Here is the thing, if we were just looking for the 13 year-olds who instead of picking up a Playboy picked up something much more sinister, then stopping this problem would be easy.  But the reality is everybody enters pornography on garden variety heterosexual pornography.  Only for some, does the quest for a higher high lead them seeking darker and darker material, until they have gone too far.  

One of the key findings of the John Jay report, the study commissioned by the Catholic Church on their scandal called by some professionals the most comprehensive study of child sexual abuse ever, was that most Priests involved in the abuse were ordained before 1960.  In other words, they made a decision to live a celibate life in a pre-Playboy, pre-pornographic world.  They were then confronted with the sexual revolution, some caved.  This is not about excusing their behavior, but understanding it with the goal of prevention.

But this is going to be a tough conversation.  Are we moving towards curbing access to pornography in our culture?  Quite the opposite.   Over the past 25 years, we have moved from the adult bookstore in the shady part of town to pornography piped into every hotel room, every household with cable TV, and available free on the internet at the public library (most libraries do not filter out porn because they consider that censorship).  We are inundating people with this poison, which means we could be producing a new wave of child sexual abusers, larger than any before.

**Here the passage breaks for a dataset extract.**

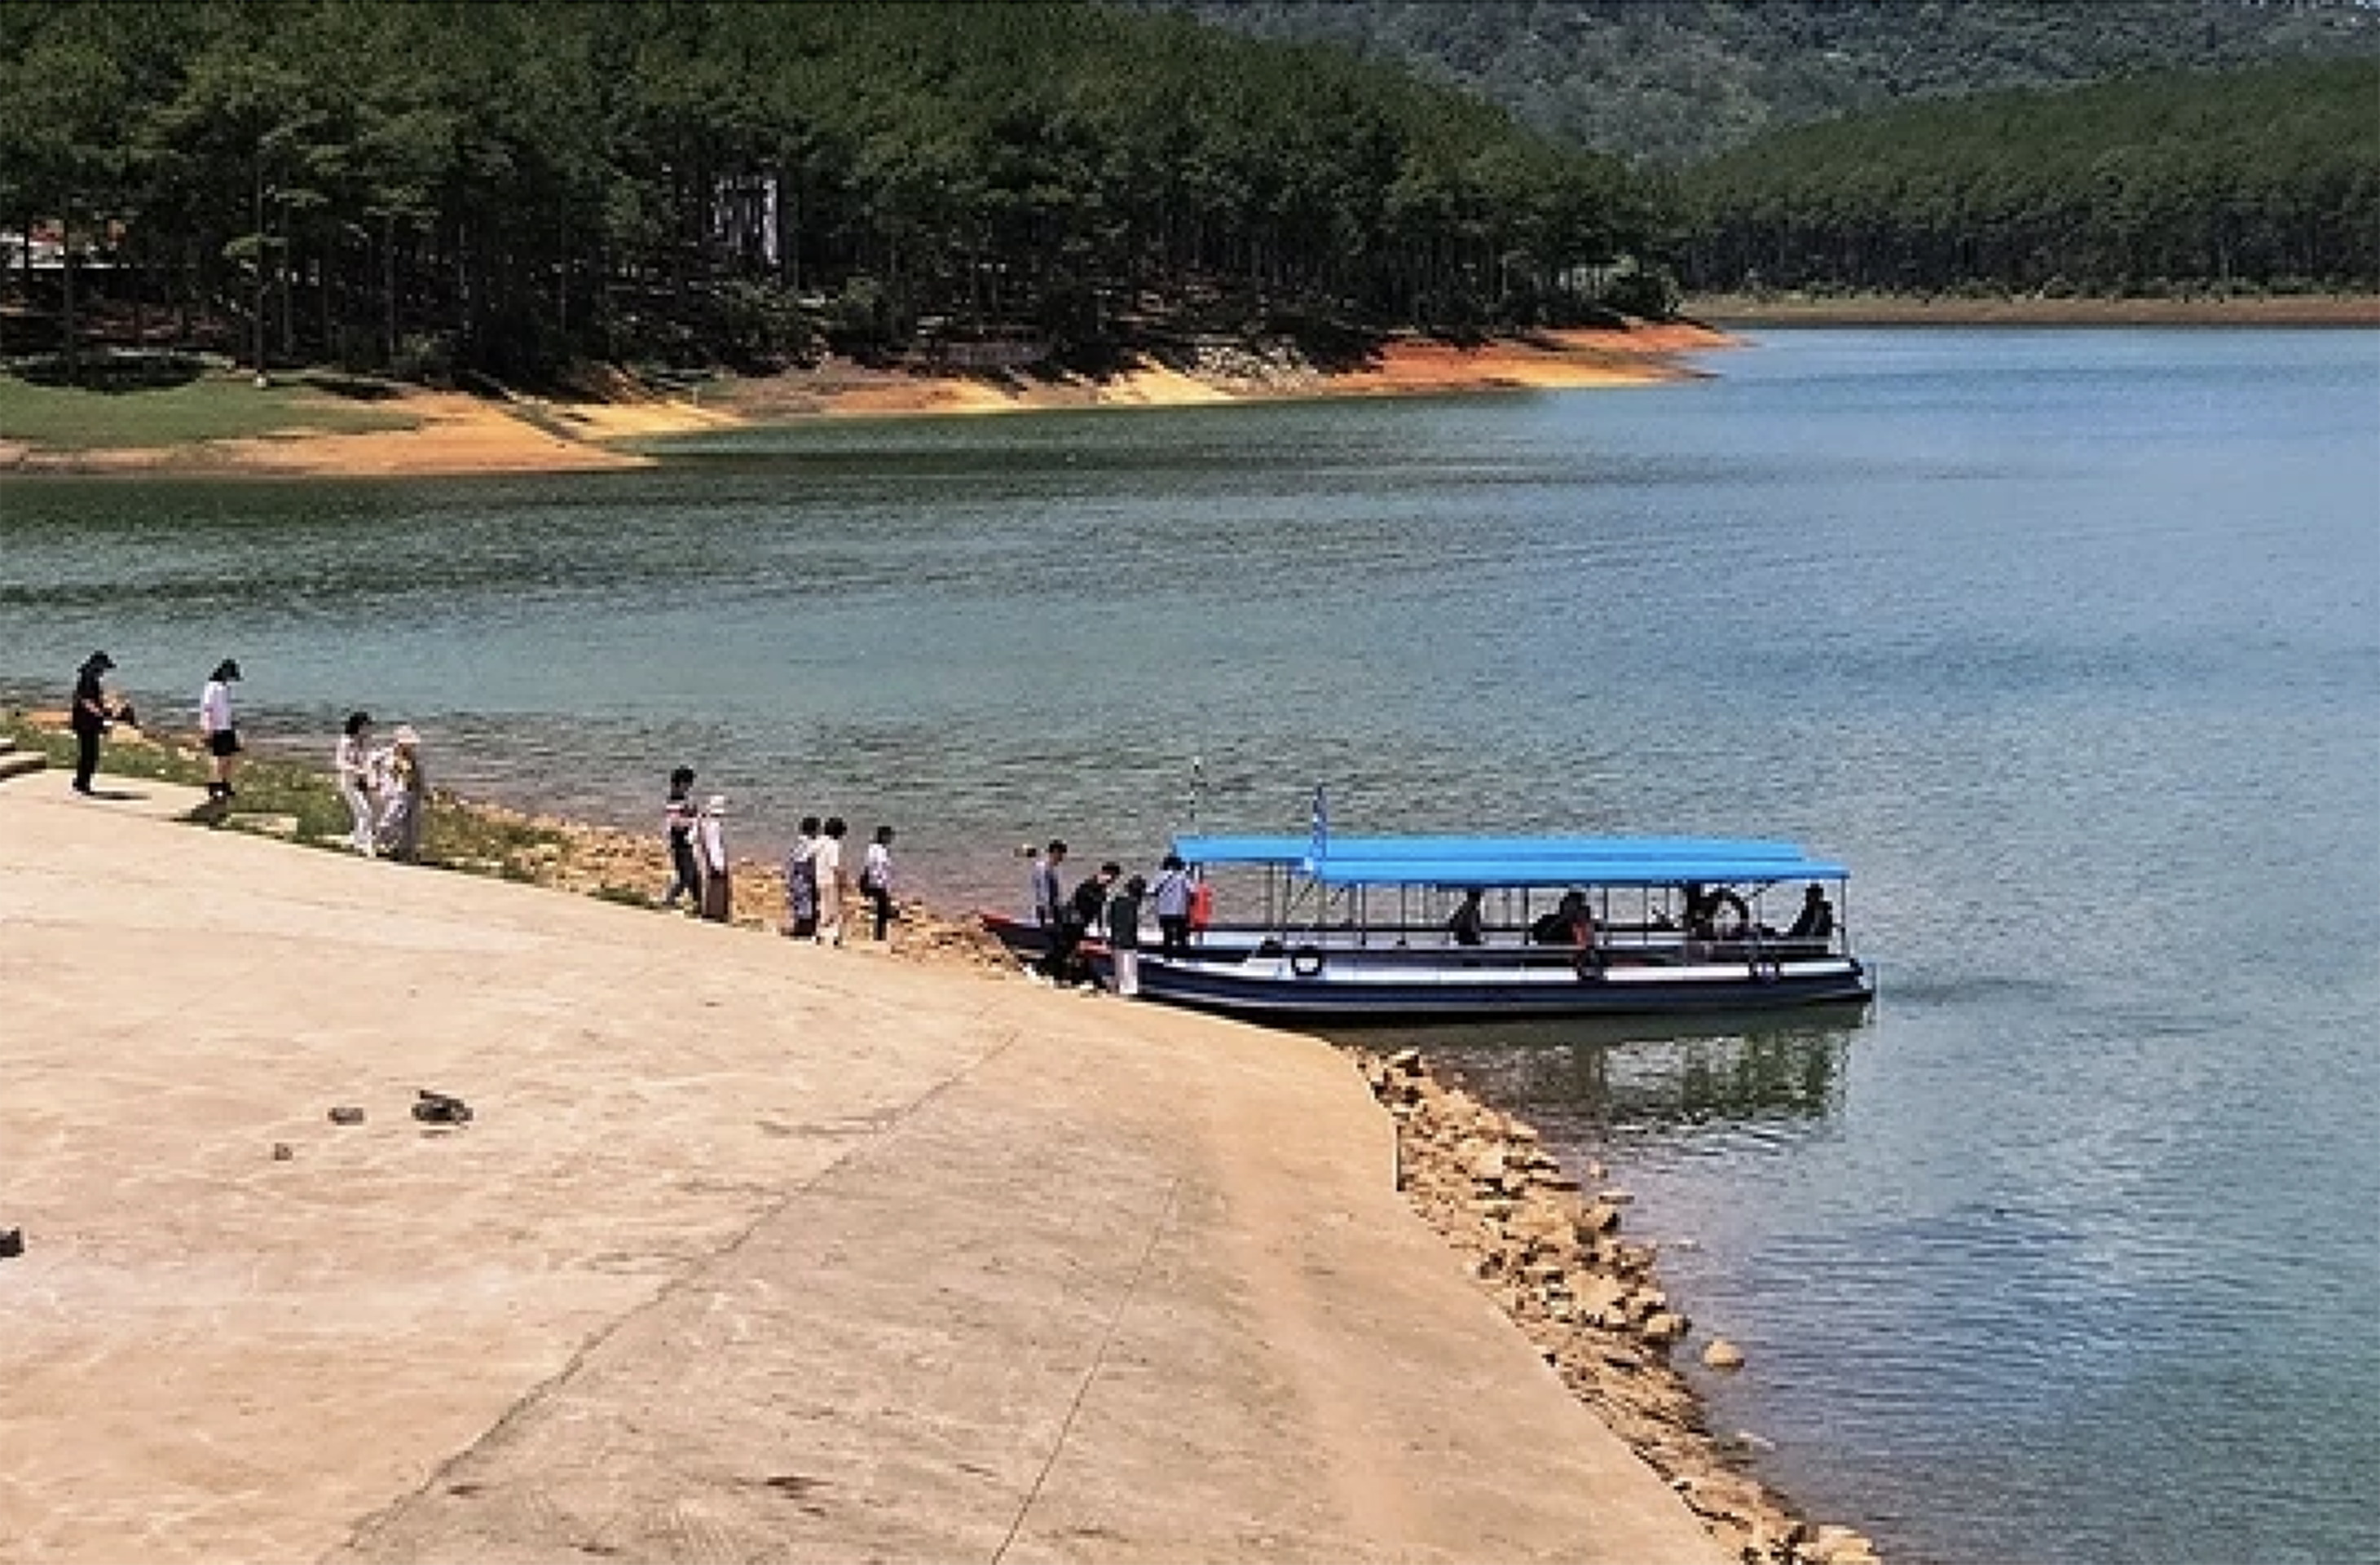 Dân sinh - Bất chấp chỉ đạo của UBND tỉnh Lâm Đồng, du thuyền vẫn hoạt động trên hồ Tuyền Lâm (Hình 4).
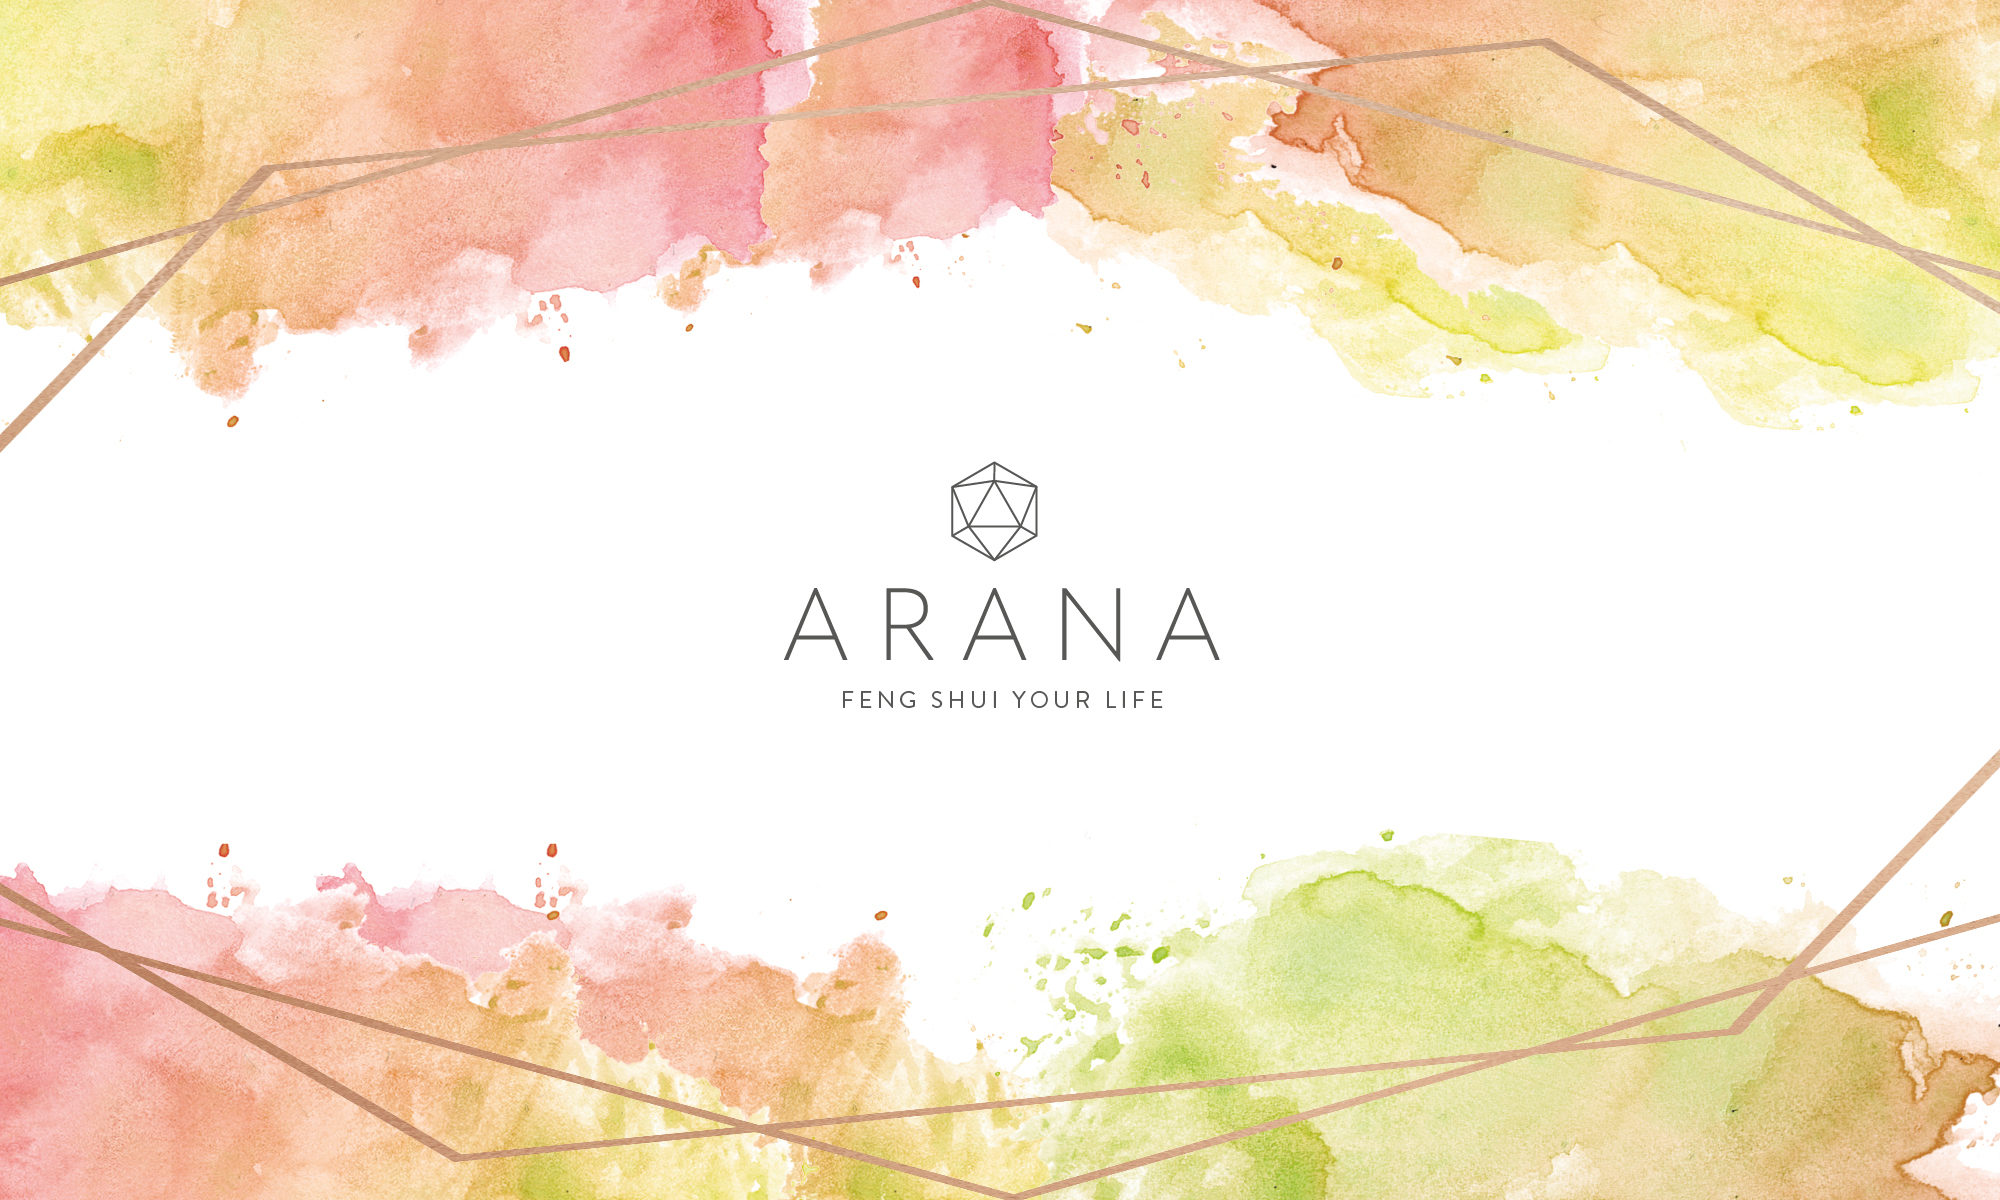 Arana - Feng Shui your Life

The crux of this debate will be, are we willing to restrict adult access to pornography so that we can put children first?  Not saying eliminate it (it’s been around since the dawn of man), but recognize that not everyone can handle it and put some kind of barriers up to consumption.  Because if we are not, then we as a society are saying, that just as we have decided with abortion and divorce, we will once again orientate our society around what we adults want, not what our children need.  The only silver lining there is that world history has shown that societies not geared towards bearing fruit quickly die out, that may be ultimately in our children’s best interest if we keep going down this dark path.